Lemma: Let $T: \mathcal D(T) \to Y$ be a bounded linear operator with domain $\mathcal D(T) \subset X$, where $X$ and $Y$ are normed spaces. If $T$ is closed and $Y$ is complete, then $\mathcal D(T)$ is closed.
We are given the following proof:
Suppose that $T:\mathcal D(T) \to Y$ is a bounded, closed linear operator and that $Y$ is complete. We must show that $\mathcal D(T)$ is closed in $X$.
Let $(x_n)$ be a sequence in $\mathcal D(T)$ with $x_n \to x \in X$. We must show that $x \in \mathcal D(T)$.
Since $T$ is bounded, $$||Tx_n - Tx_m|| = ||T(x_n - x_m)||\le \|T\|\|x_n-x_m\|$$ for all $n, m \in \mathbb N$. Since $x_n \to x$, $(x_n)$ is Cauchy in $X$. Therefore $(Tx_n)$ is Cauchy in $Y$. Since $Y$ is complete, $Tx_n \to y \in Y$ . Since $T$ is closed, $x \in \mathcal D(T)$ and $y=Tx$. Therefore $\mathcal D(T)$ is closed in $X$.
My question, however, is: Do we really need the completeness of $Y$ to deduce that $\mathcal D(T)$ is closed? We did not use the completeness of $Y$ to show that $x \in \mathcal D(T)$. We only needed completeness to show that $y=Tx$, which, if I'm not mistaken, is not really necessary to show that $x \in \mathcal D(T)$.
I understand there is the following version of the Closed Graph Theorem:
Let $T: \mathcal D(T) \to Y$ be a linear operator, where $\mathcal D(T)\subset X$ and $X$ and $Y$ are normed spaces. Then $T$ is closed if and only if whenever $x_n \to x$ where $x_n \in \mathcal D(T)$ and $Tx_n \to y$, then $x \in \mathcal D(T)$ and $y = Tx$.

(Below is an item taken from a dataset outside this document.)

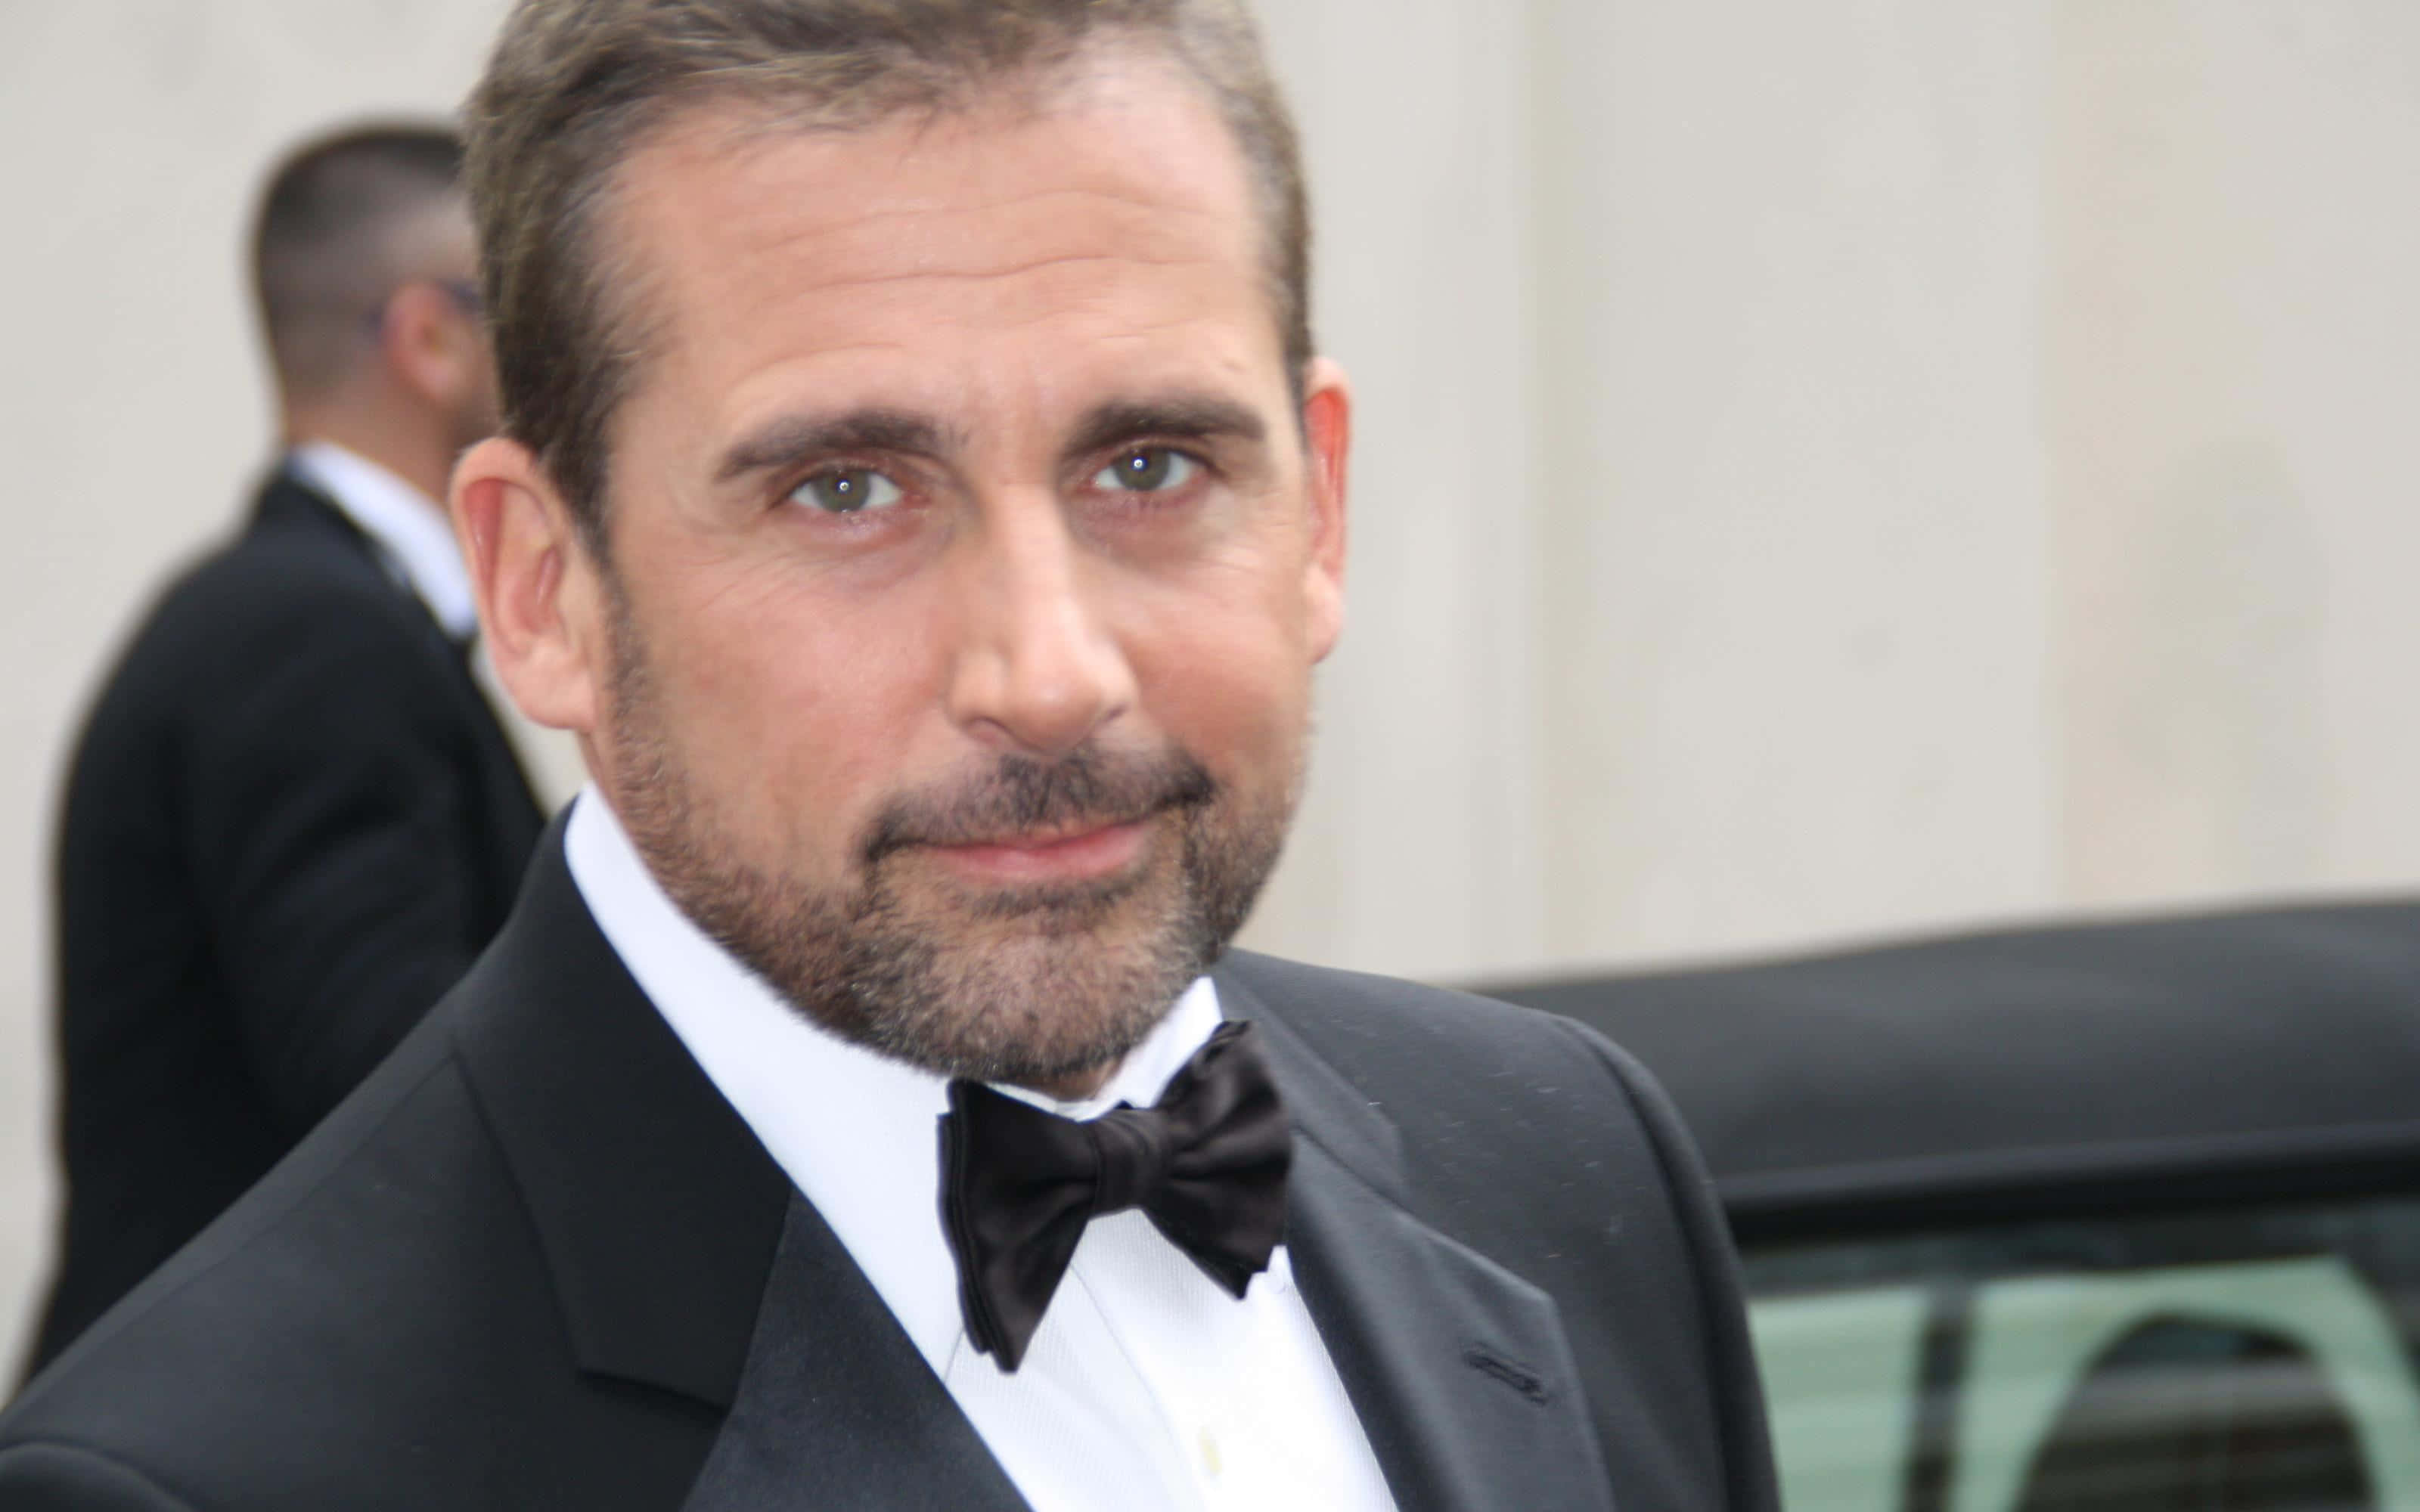 Steve Carell - Actor, Producer, and Comedian Wallpaper

So, taking the abovementioned theorem into consideration, we know that since $T$ is closed, that $x_n \to x$ with $x_n \in \mathcal D(T)$, we must have that $x \in \mathcal D(T)$, which already proves the closedness of $\mathcal D(T)$. The additional information that $y=Tx$ does not really seem to be necessary to conclude the closedness of $\mathcal D(T)$ in $X$.

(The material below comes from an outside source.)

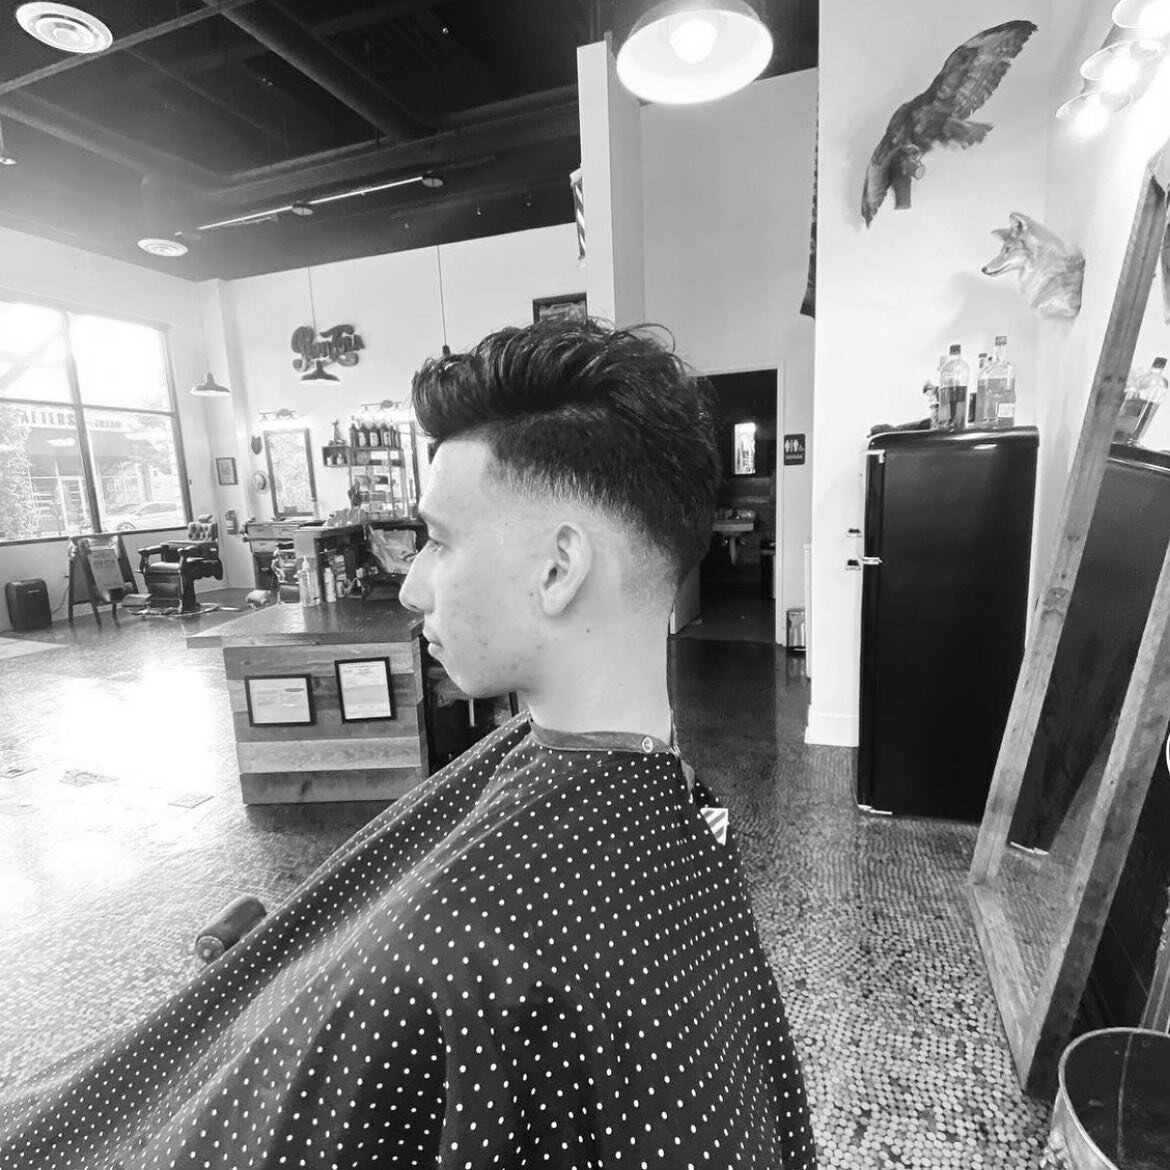 Its the beginning of a great week ☀️ hair by @voodoojacky 

#goodvibes #barbershop #haircut #shave #beardtrim #colorservice #barber #stylist #shopowner #calidays #love

So, if this is the case, then why have the additional assumption in the original question that $Y$ is complete, if we don't really need it?
EDIT:
My trail of thinking of proving closedness of $\mathcal D(T)$ without needing the completeness assumption would be something as follows:
Suppose that $T: \mathcal D(T) \to Y$ is a closed, bounded linear operator. We must show that $\mathcal D(T)$ is closed in $X$.
Let $(x_n)$ be a sequence in $\mathcal D(T)$ with $x_n \to x$. We must show that $x \in \mathcal D(T)$. However, since $T$ is closed, we know that $x \in \mathcal D(T)$, i.e. $\mathcal D(T)$ is closed in $X$.
This uses the exact same argument as the first proof, however, it focuses only on the part necessary to show that $x \in D(T)$ and not that $y=Tx$ if $Tx_n \to y$, making it possible to omit the assumption that $Y$ is complete (that is, if I'm not incorrect, which is very possible).
Counterexample: Let $X$ be a Banach space and $Y$ a dense linear subspace that is not all of $X$. Take $T$ to be the identity map $\mathcal D(T) \to Y$ where $\mathcal D(T) = Y$.